1. Clone the repository

git clone https://github.com/David-cripto/IDLM.git
cd IDLM

2. Create an environment

To get started, create a conda environment containing the required dependencies.

conda create -n idlm python=3.12
conda activate idlm
conda install nvidia/label/cuda-12.4.0::cuda-toolkit
pip install -r requirements.txt
pip install flash_attn==2.7.4.post1

Checkpoints

IDLM-MDLM. Trained on OpenWebText:
- Huggingface🤗.
IDLM-MDLM. Trained on TinyGSM:
- Huggingface🤗.
IDLM-Duo. Trained on OpenWebText:
- Huggingface🤗.
IDLM-Duo. Trained on TinyGSM:
- Huggingface🤗.
IDLM-DCD. Trained on OpenWebText:
- Huggingface🤗.

Train IDLM

This section provides reference training entry points for unconditional OpenWebText distillation and conditional TinyGSM distillation. The scripts are written as Hydra override recipes, update the dataset cache and checkpoint paths before launching a run.
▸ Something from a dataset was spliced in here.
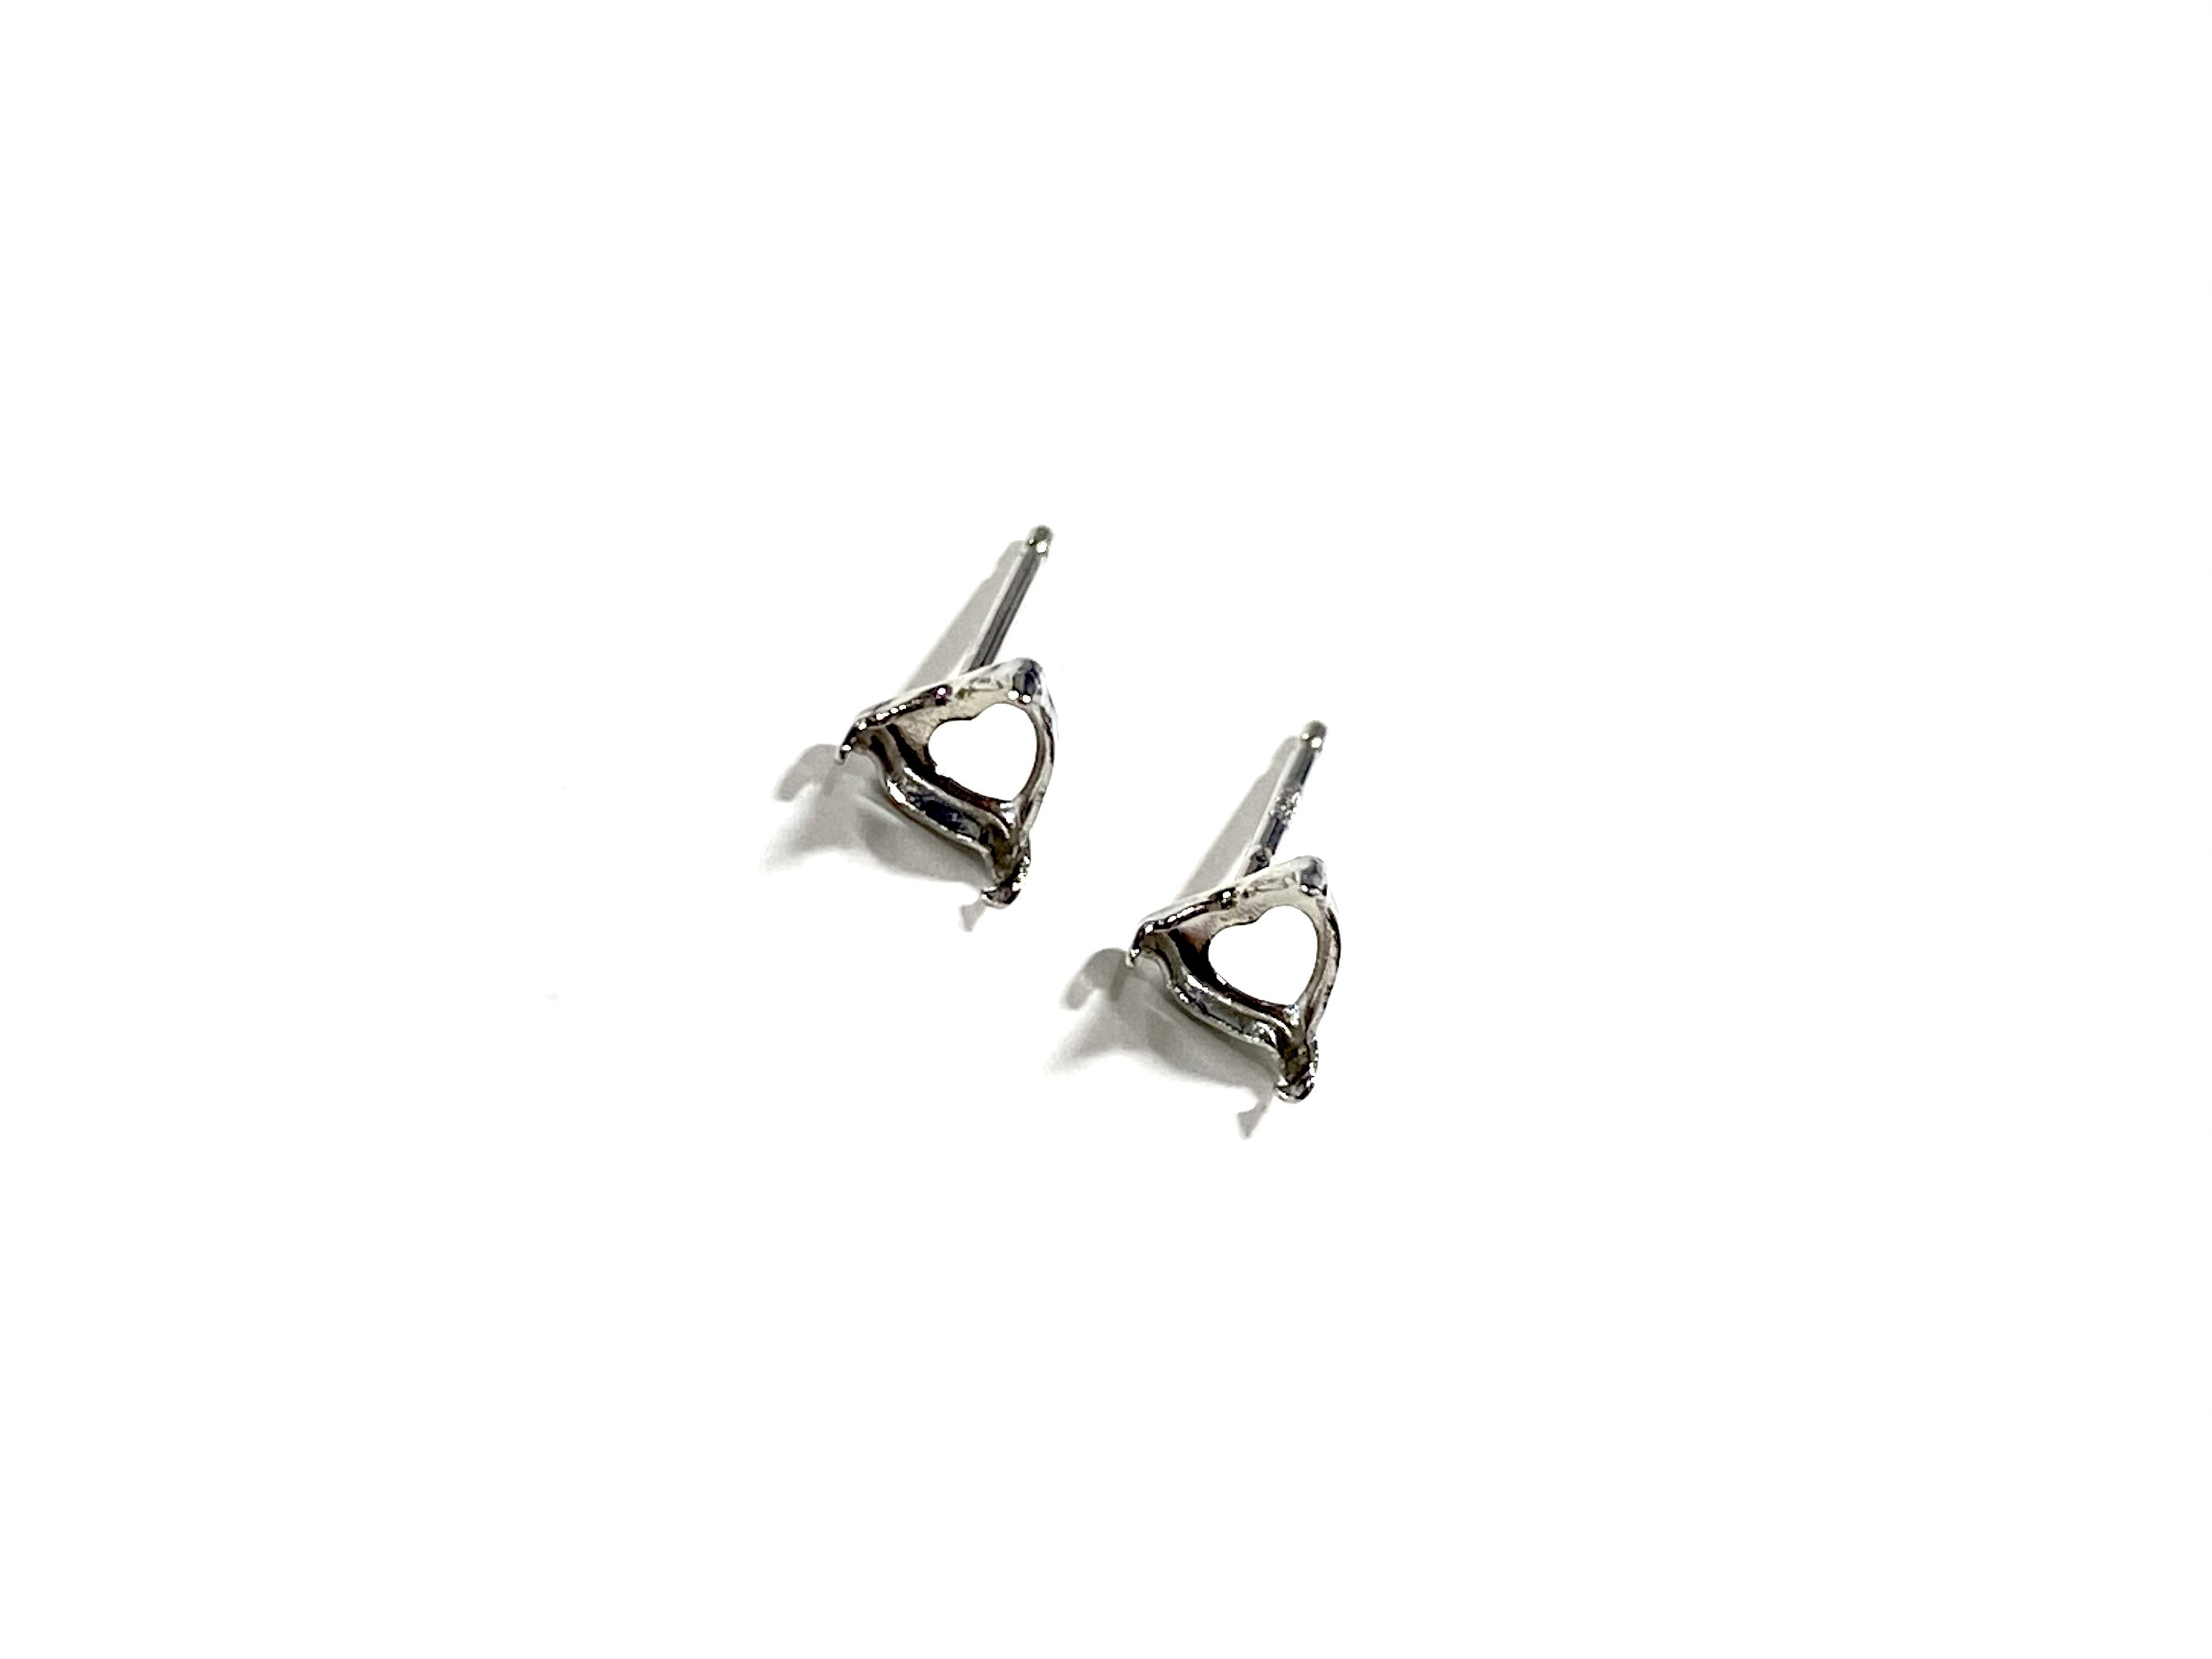 【K10WG】『タテヨコ5mm』ハートシェイプカット対応ピアス空枠 [空枠No,49]

Unconditional OpenWebText Distillation

The OpenWebText recipes train IDLM students for unconditional language generation. Before executing the scripts, configure the cache_dir parameter in configs/data/openwebtext-split.yaml to specify the desired output path.

MDLM teacher → IDLM-MDLM student

bash scripts/train_idlm_mdlm.sh

DUO teacher → IDLM-Duo student

bash scripts/train_idlm_duo.sh

DCD teacher → IDLM-DCD student

bash scripts/train_idlm_dcd.sh

Conditional TinyGSM Distillation

The TinyGSM recipes train IDLM students for conditional mathematical reasoning on TinyGSM-style question-answer examples. Before executing the scripts, configure cache_dir in configs/data/tiny-gsm.yaml and replace the training.finetune_path placeholder in each script with the corresponding pretrained teacher checkpoint. Our TinyGSM distillation runs use the teacher checkpoints from the S-FLM repository: MDLM for IDLM-MDLM and Duo for IDLM-Duo.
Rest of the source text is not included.